*SOURCE MATERIAL*:
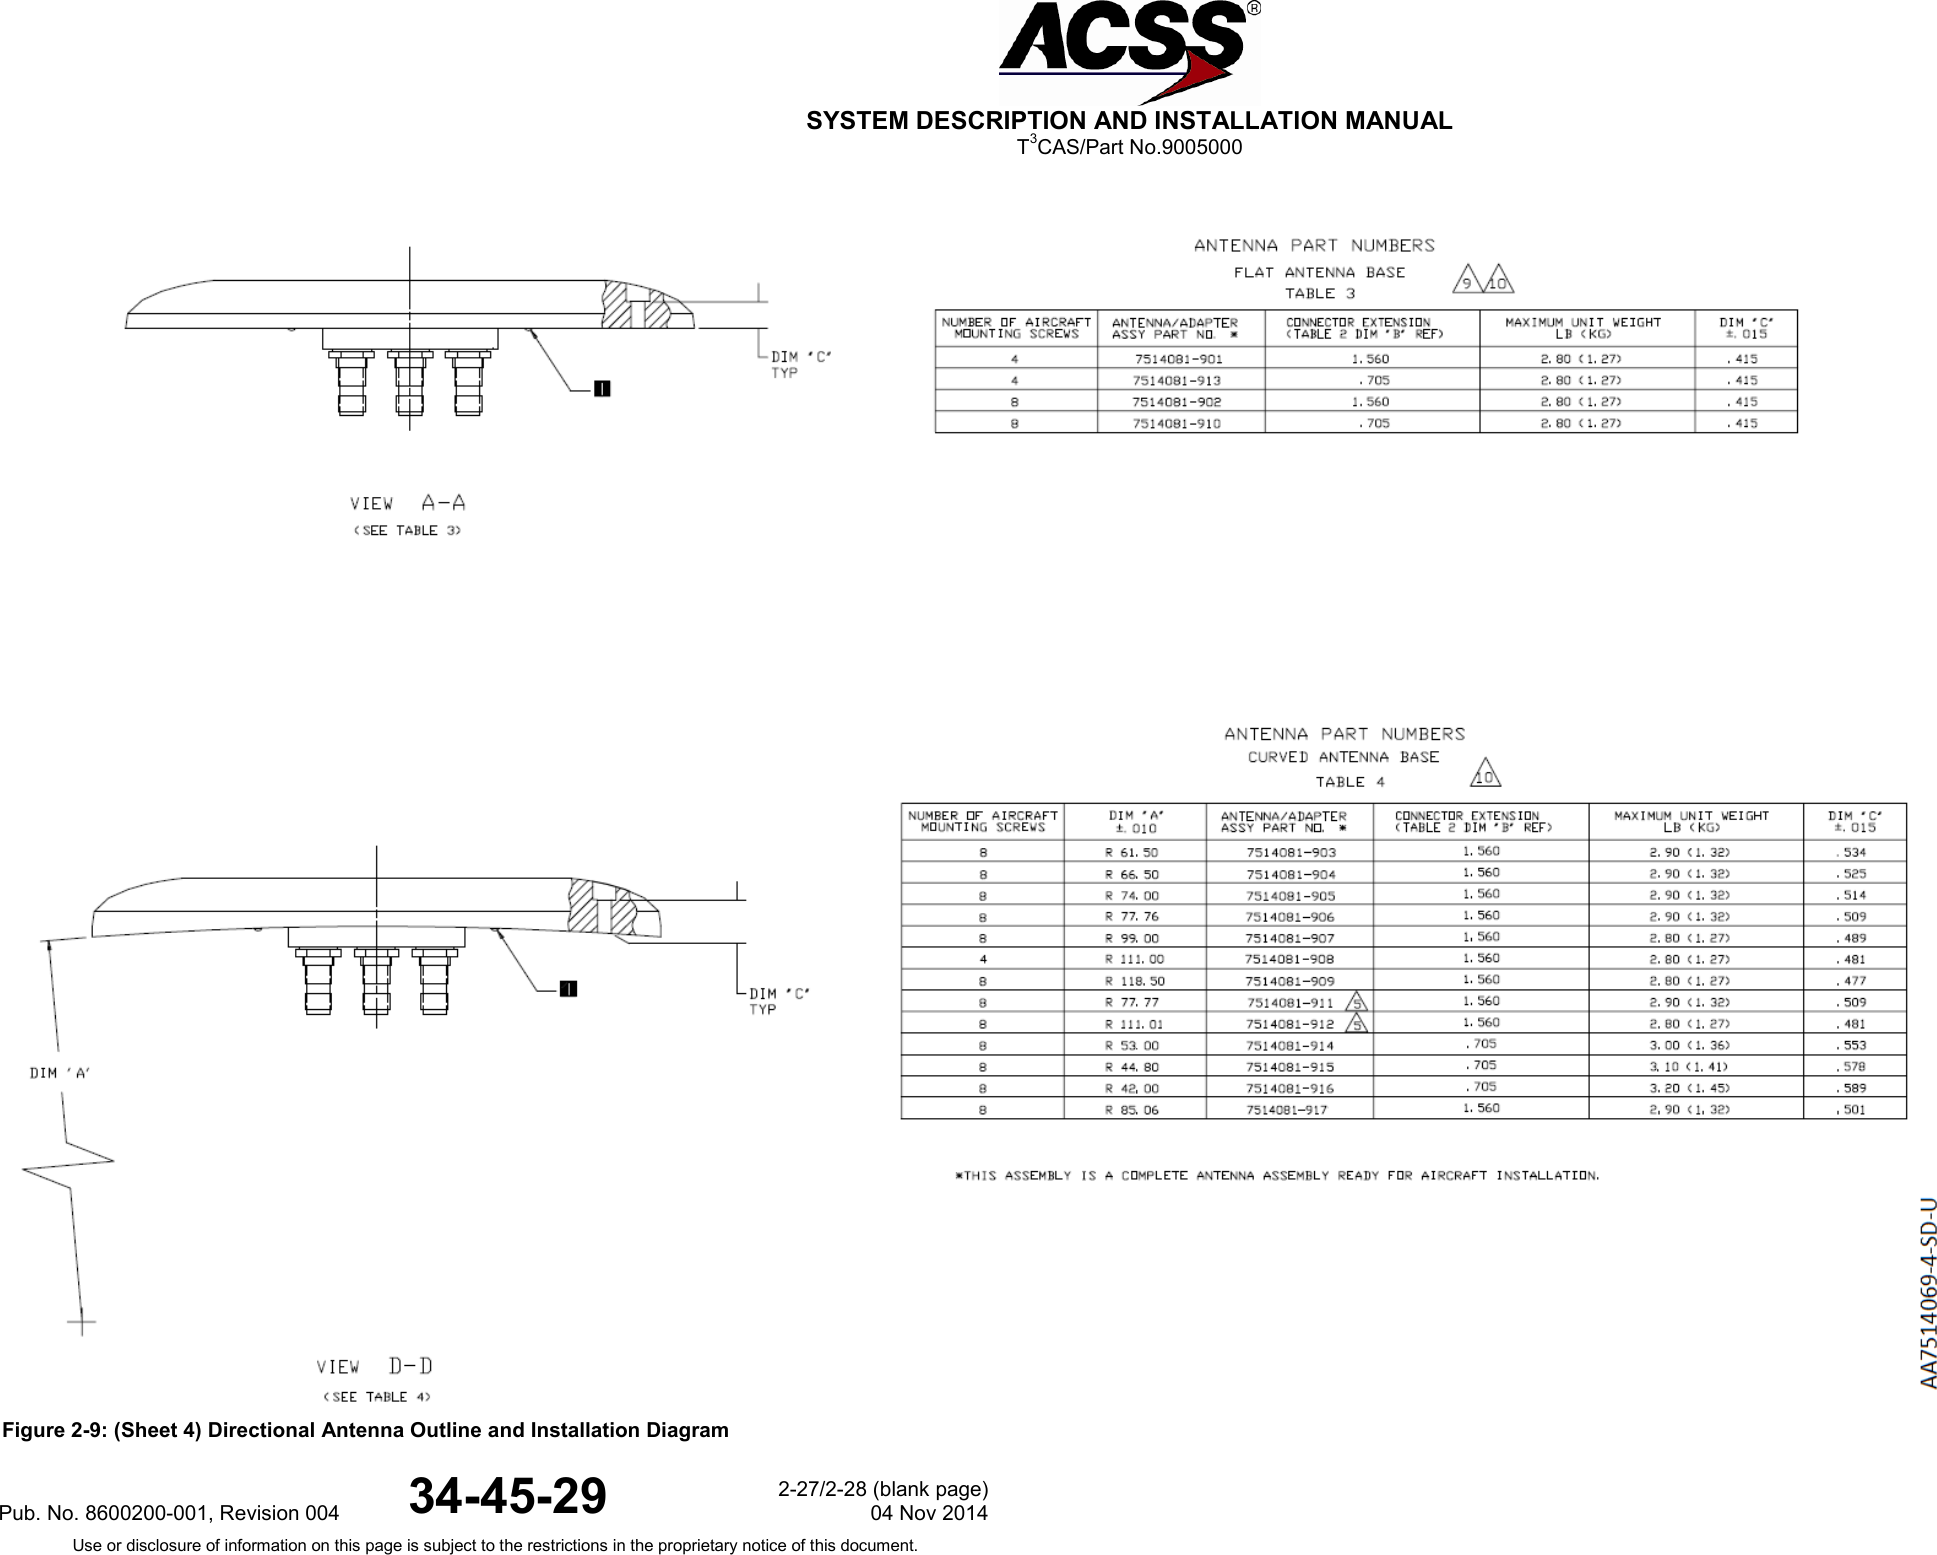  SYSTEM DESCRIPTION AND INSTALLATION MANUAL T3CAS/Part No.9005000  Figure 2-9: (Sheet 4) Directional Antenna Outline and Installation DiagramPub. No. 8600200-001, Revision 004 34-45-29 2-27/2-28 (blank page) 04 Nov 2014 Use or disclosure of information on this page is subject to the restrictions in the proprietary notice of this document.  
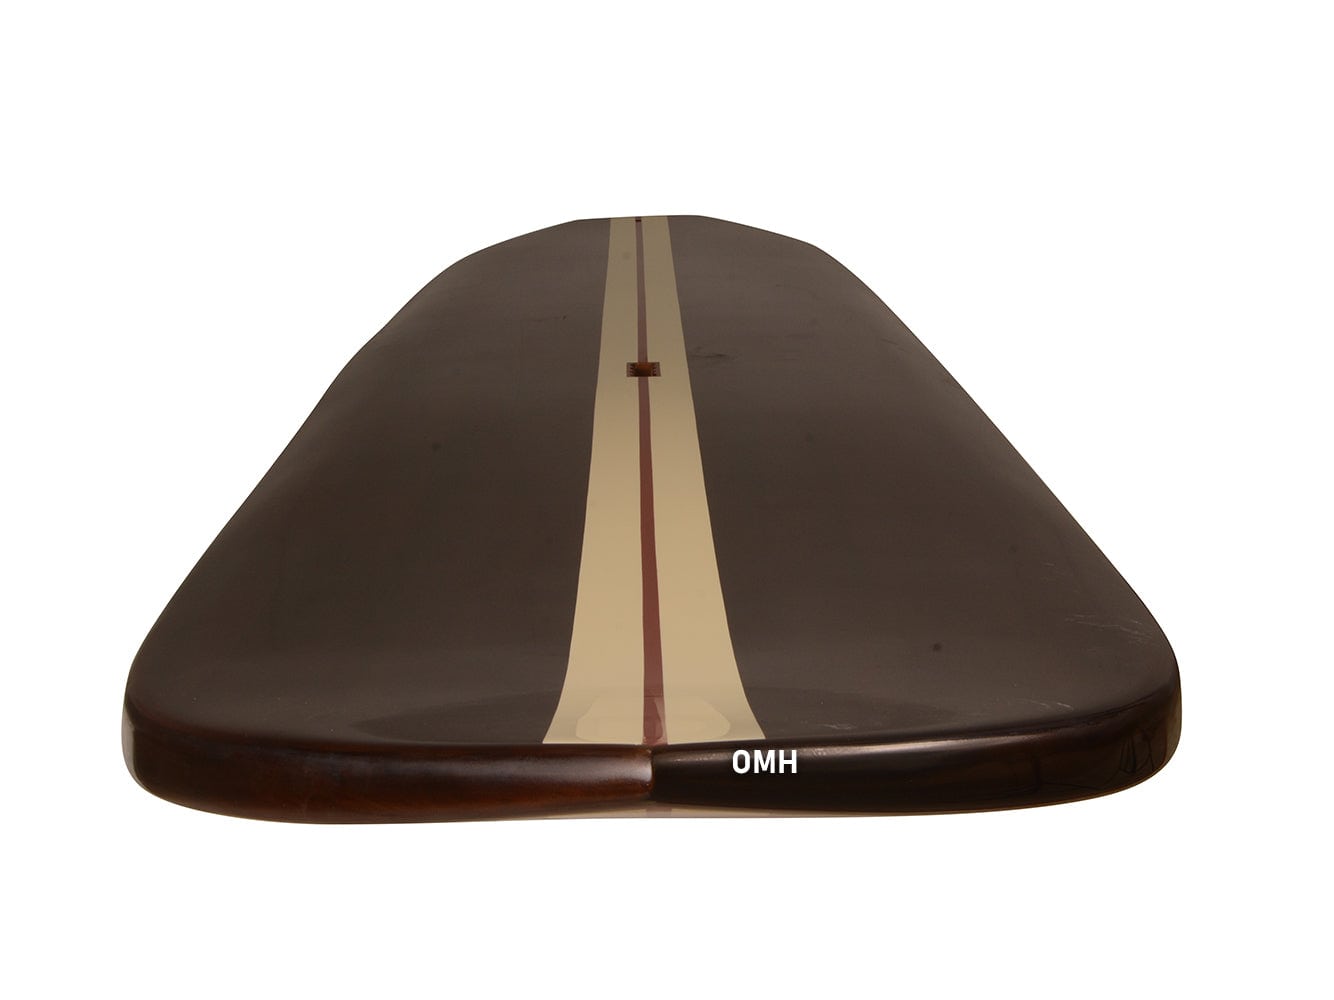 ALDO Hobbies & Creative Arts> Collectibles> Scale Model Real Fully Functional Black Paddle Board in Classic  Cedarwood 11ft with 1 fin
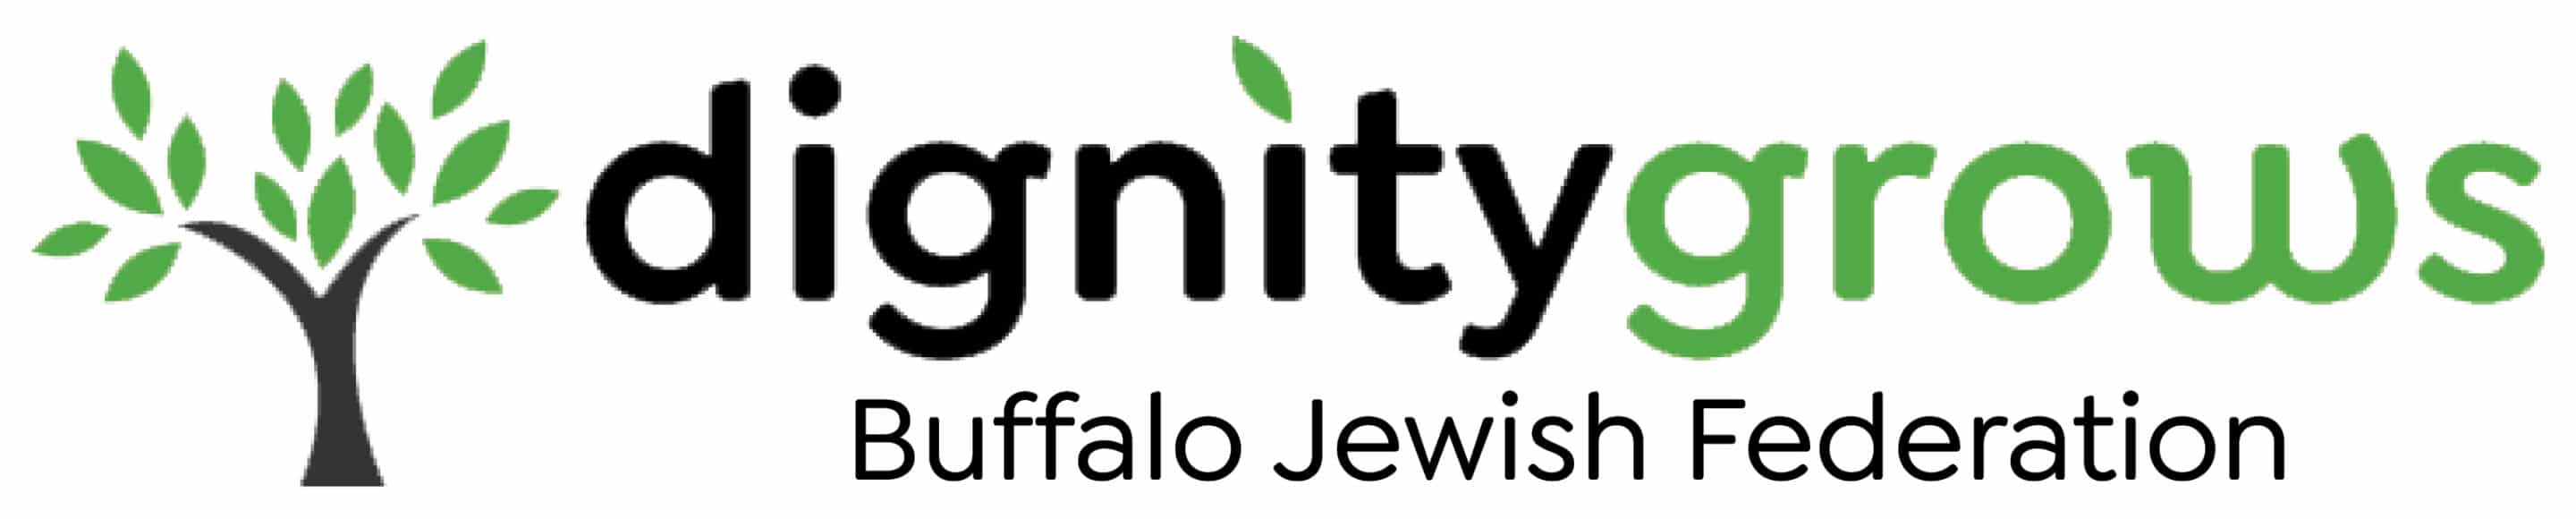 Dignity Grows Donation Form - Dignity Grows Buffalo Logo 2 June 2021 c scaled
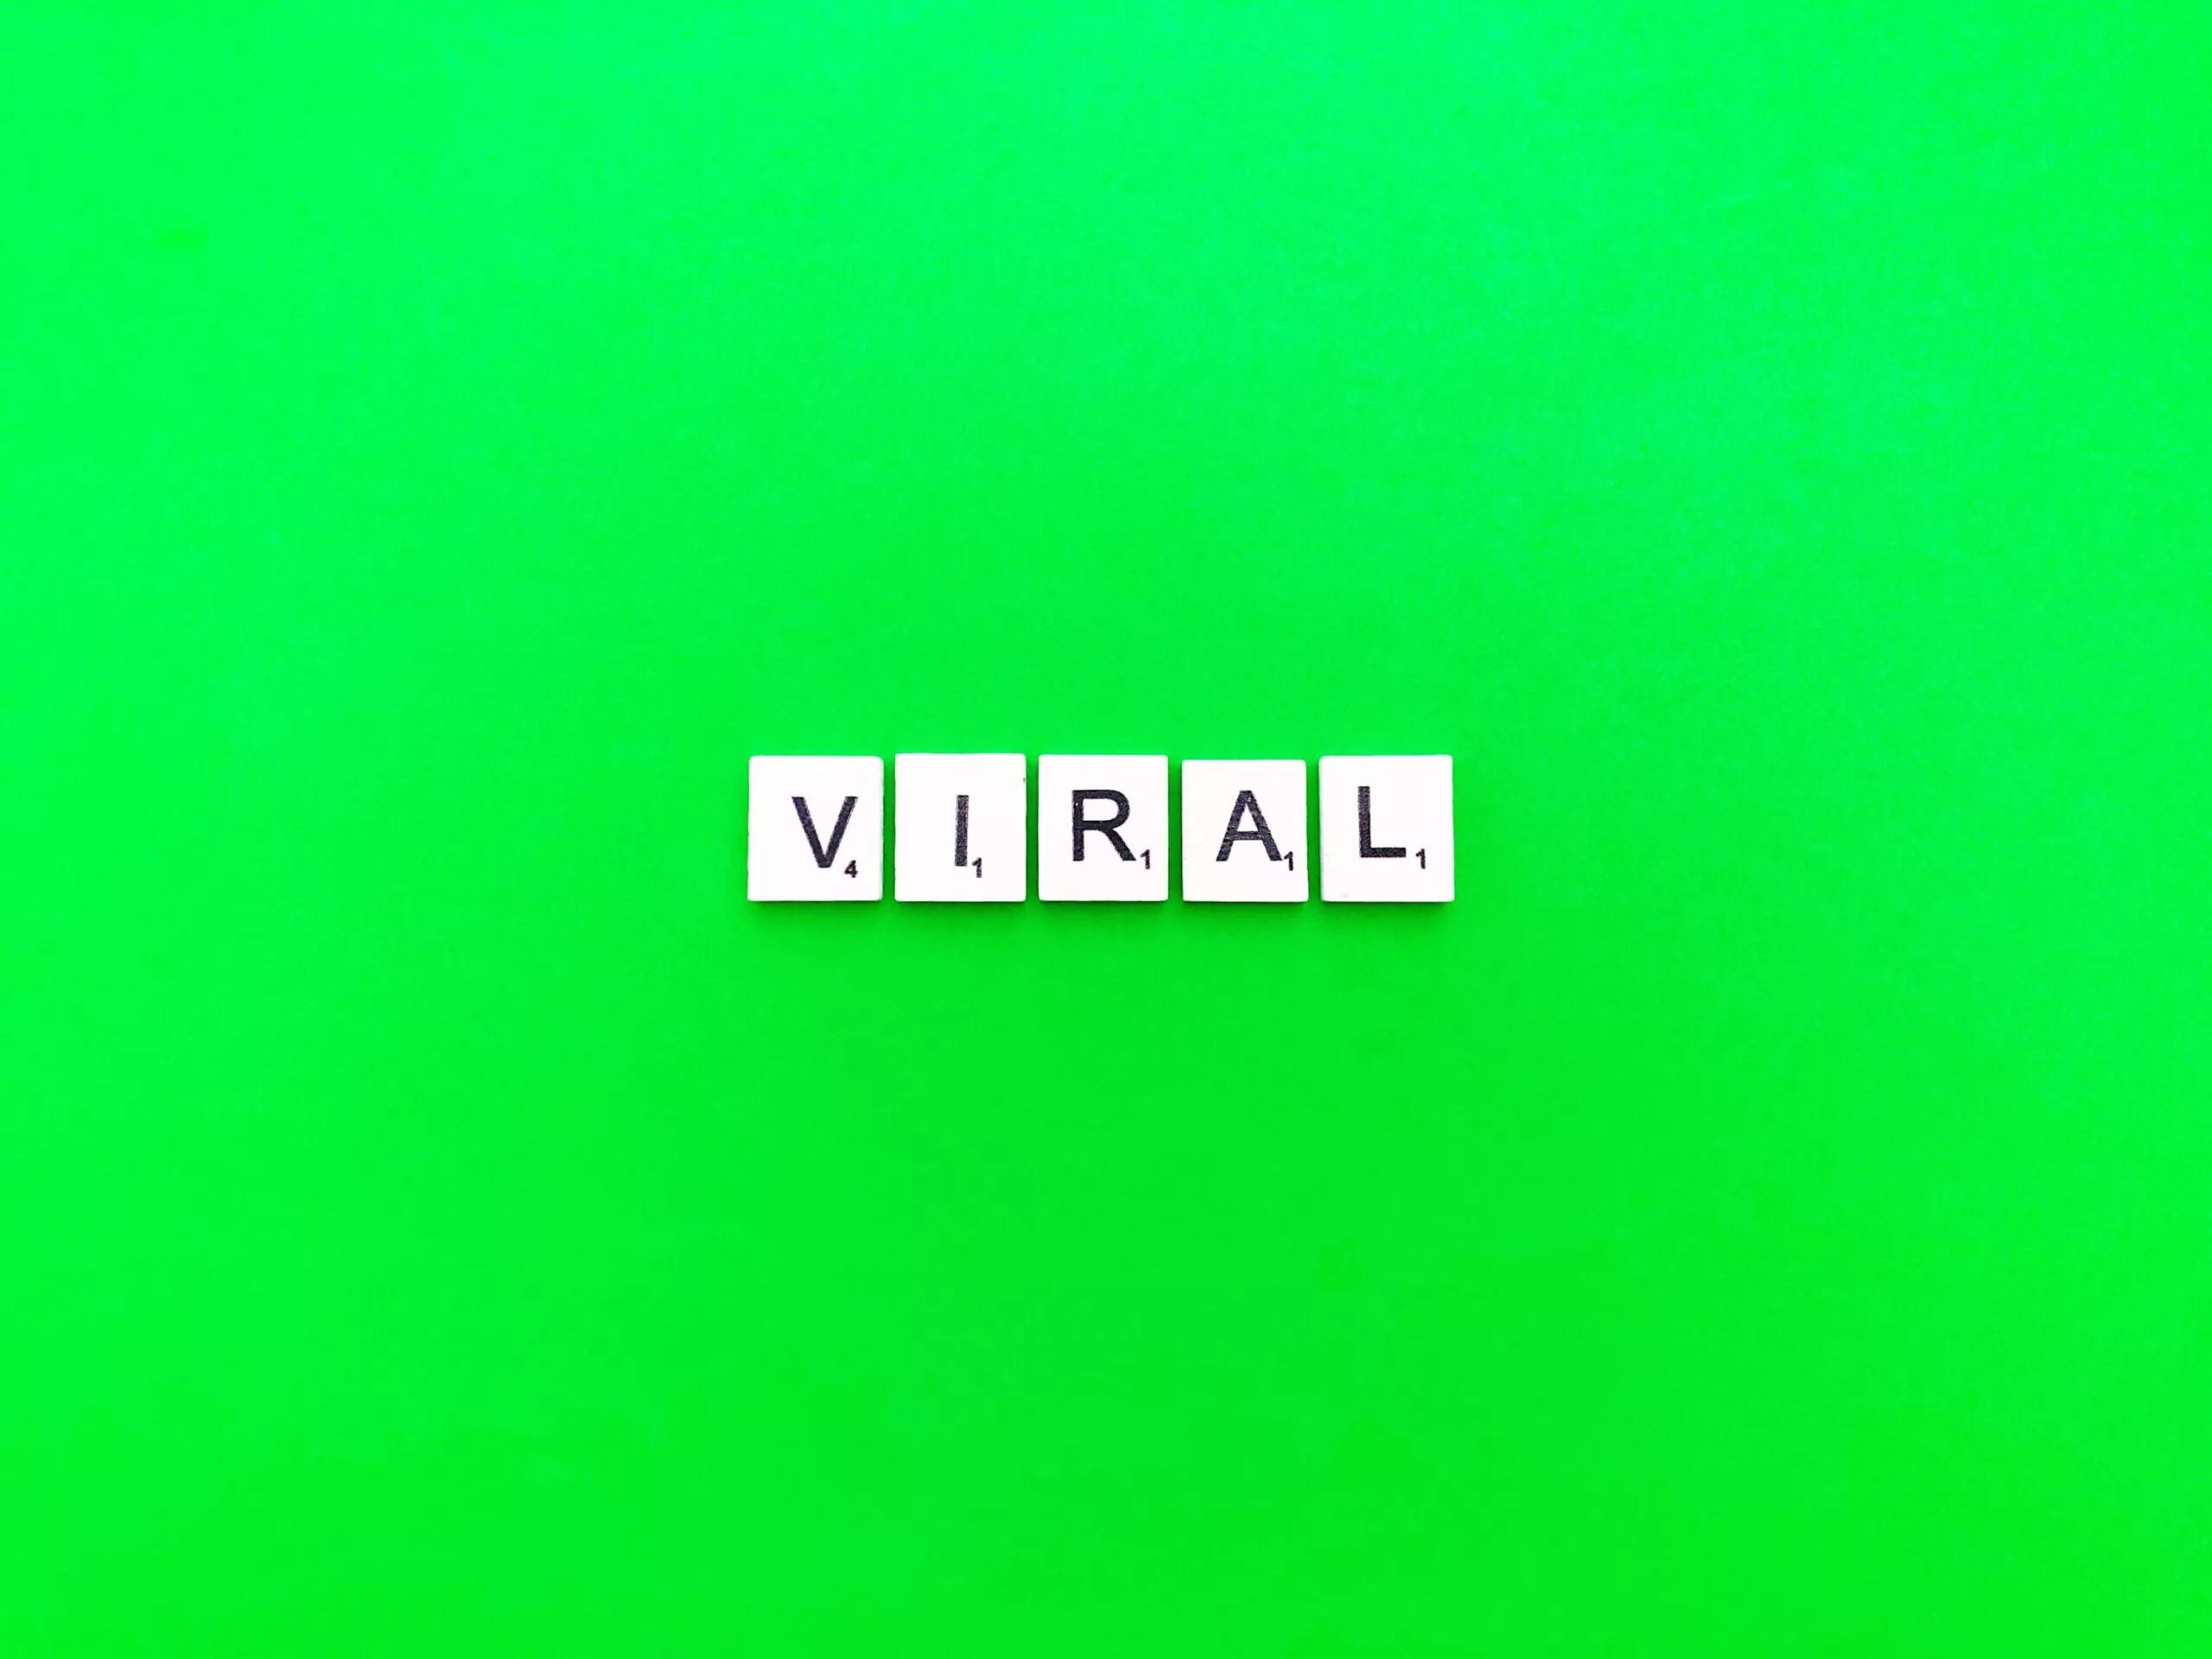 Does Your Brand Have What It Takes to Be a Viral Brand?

*ABOUT THIS EXERCISE*: Leave out the images and write out the lines above exactly, from the one with "ALDO Hobbies &" up to and including the one with "Dignity Grows Donation".

*EXERCISE ANSWER*:
 ALDO Hobbies & Creative Arts> Collectibles> Scale Model Real Fully Functional Black Paddle Board in Classic  Cedarwood 11ft with 1 fin
 Dignity Grows Donation Form - Dignity Grows Buffalo Logo 2 June 2021 c scaled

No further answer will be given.